Open ShifaSZ opened 2 years ago
I would like to add another issue found last time before I forget. For the gCNV viewer in seqr, it always loads the data twice. It can be observed by checking the network status in the devtool
.
It can be solved by setting the doResize
parameter to false when calling the loadtrack
function like:
this.browser.loadTrack(track, false)
And also avoid passing in the tracks
parameter when calling igv.createBrowser. Instead, call loadTrack
with a false for doResize
in the then
clause.
Here is a quick patch for igv.js to fix the low-performance issue of the gCNV viewer:
Replace the first statement in the method of getFeatures
in class GCNVTrack
with:
const chrFeatures = await this.featureSource.getFeatures({
chr,
start: max(start-1000, 0), //0,
end: end+1000, //Number.MAX_VALUE
visibilityWindow: end - start,
});
Can you PR up the changes you describe in your comment for doResize
and loadTrack
? This seems like a real quick win for performance and while we don't have time for the more intensive solutions in this ticket, that should be quick enough that its worth doing now
For the "patch" you propose to IGV, I strongly disapprove of using patched dependencies. At some point we can propose a PR to the IGV library itself, but in the meantime we will continue to use it as is
Both TGG-Viewer and seqr integrate the Javascript version of IGV which also is called IGV.js.
The IGV.js downloads data gCNV data very frequently and responds very slowly. Every time when opening a new gCNV track, zooming in/out, or resizing the gCNV tracks, the IGV will need to download all data rows for the current chromosome again.
For seqr, the IGV.js is even slower because a different version of Javascript core is used.
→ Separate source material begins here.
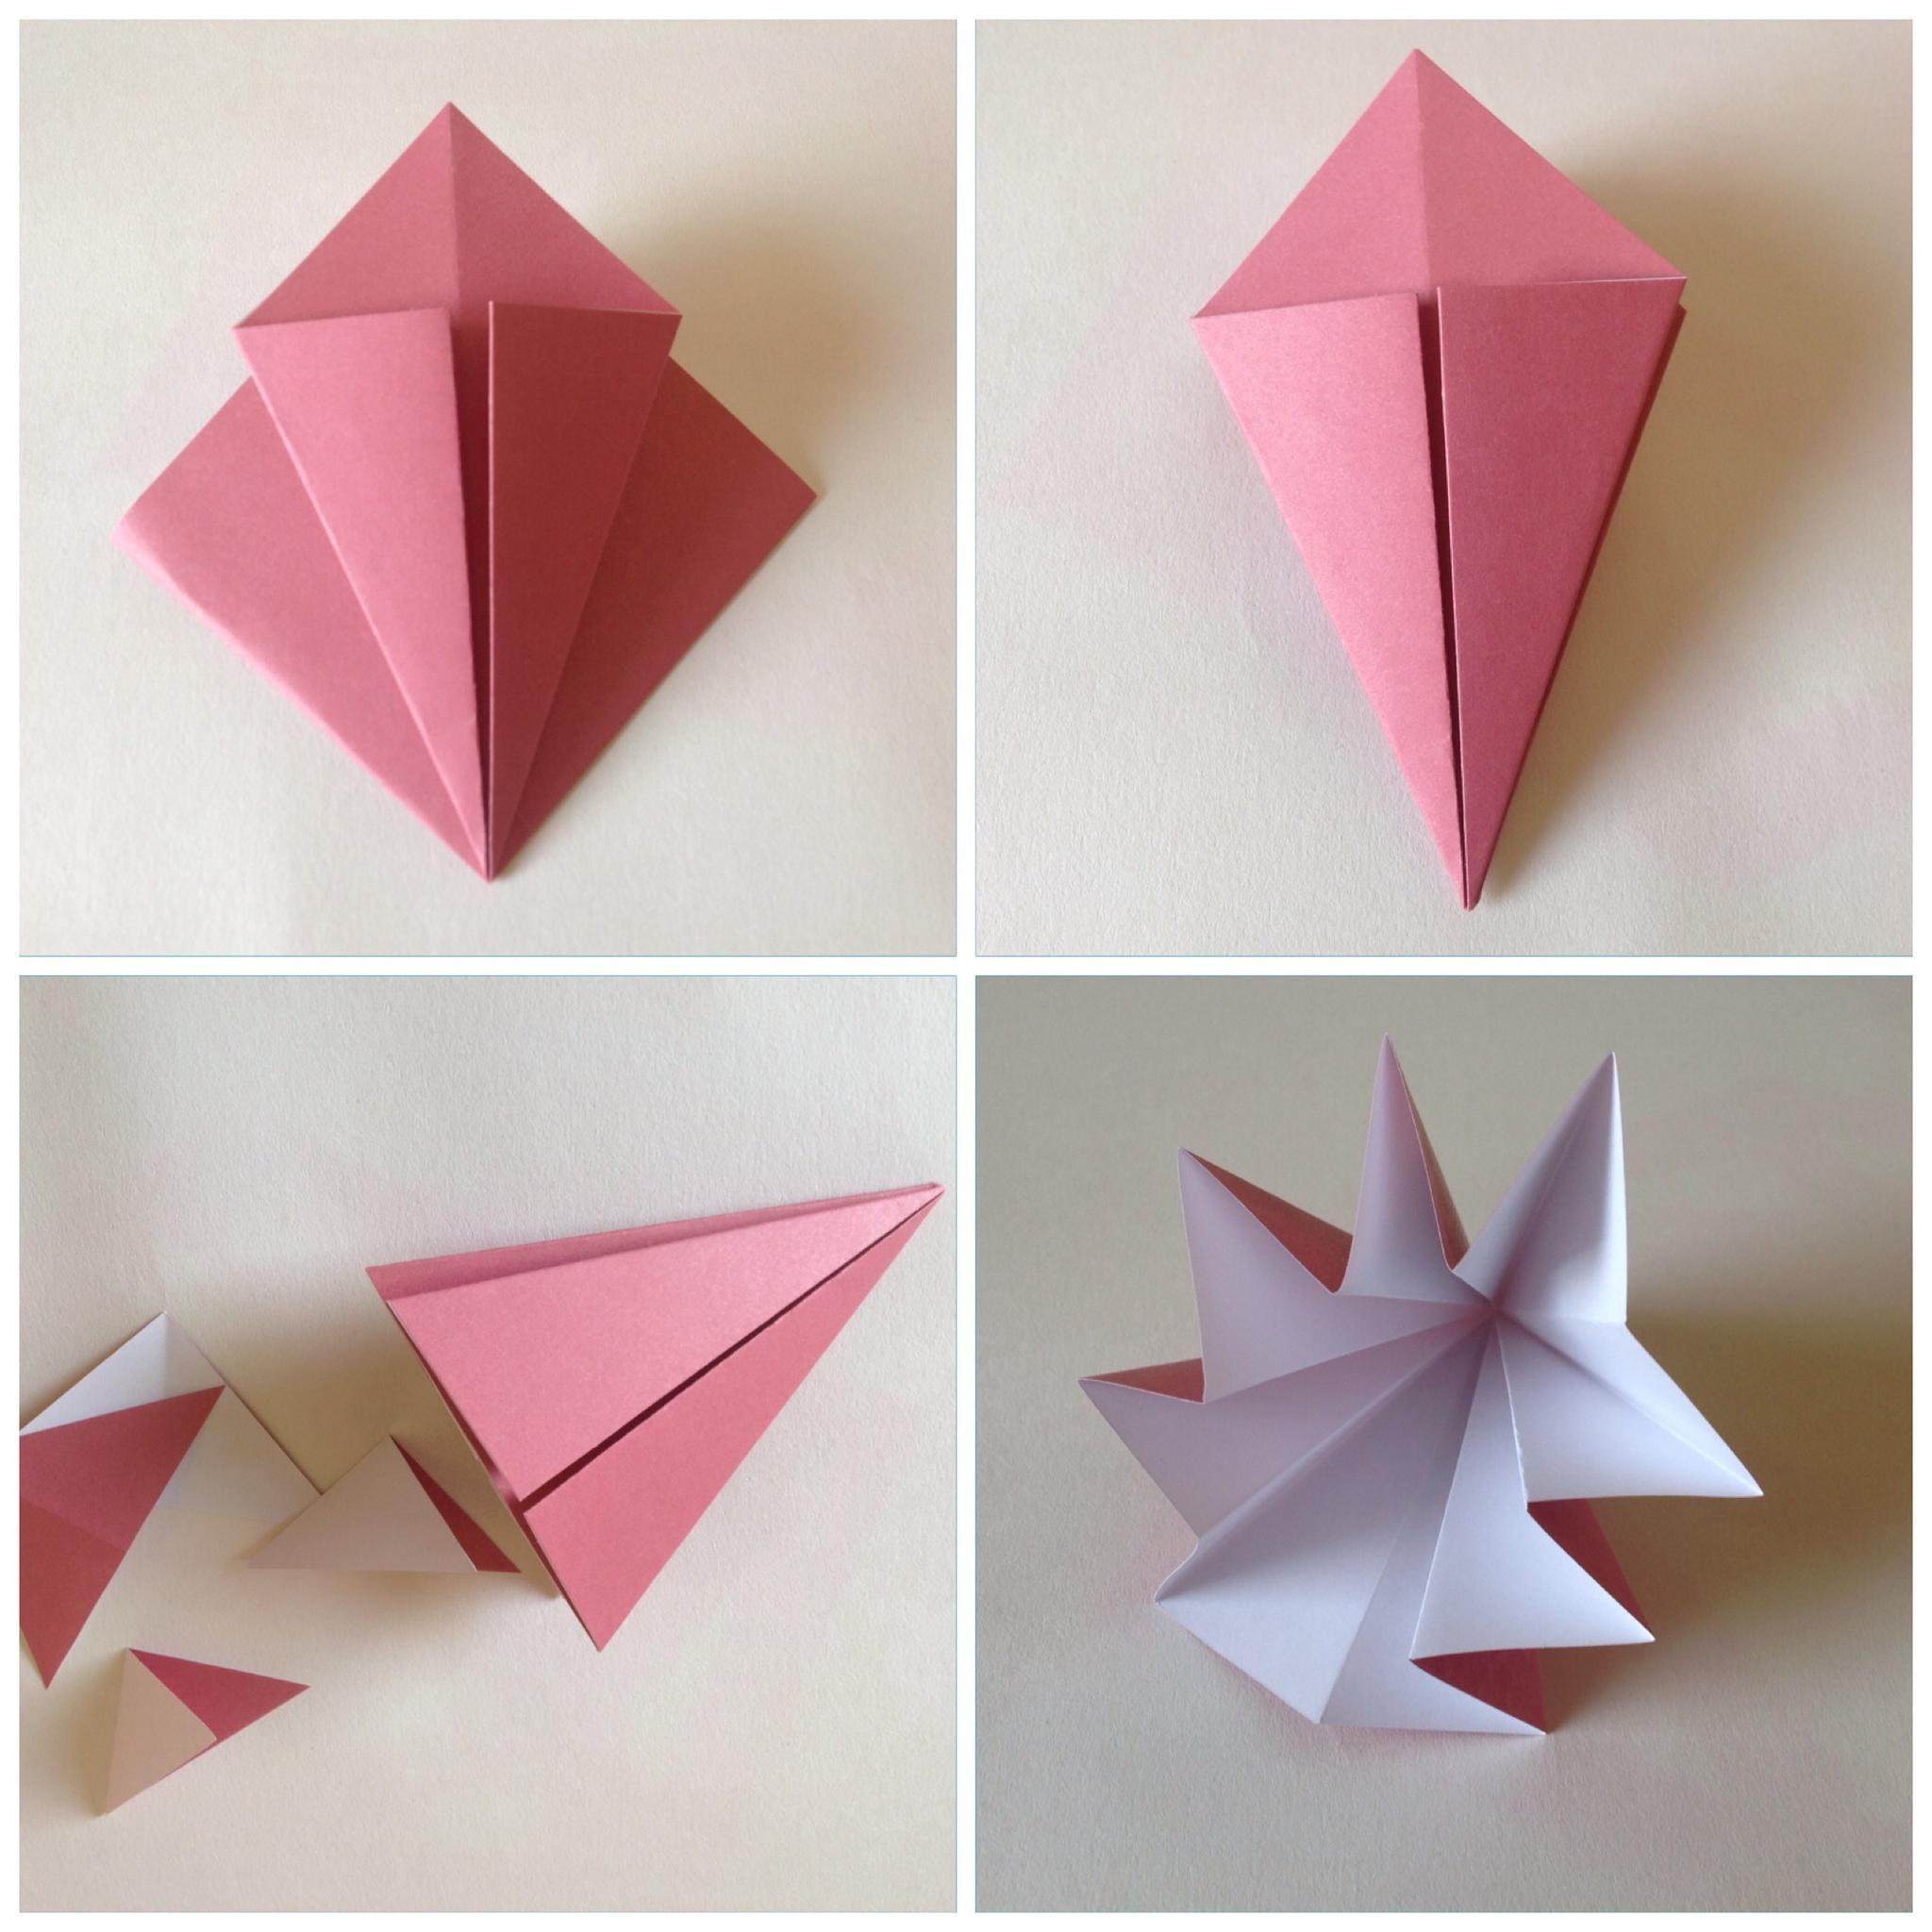 Мобиль оригами-обрежьте нижний край

See more detailed analysis in this doc.
As analyzed in the doc, we could probably take the below measurements to improve the performance: 1) We should figure out how to improve the performance of the “parseFloat” function by upgrading the core-js library.
2) We may split the gCNV datasets into more clusters so that each cluster has fewer samples.
3) We may suggest IGV improvement for gCNV. One is to load the data for one time and reuse them when zooming in/out or changing location in the same chromosome. The other further optimization is to only load the gCNV data within or close to the visible window rather than load all data within the chromosome.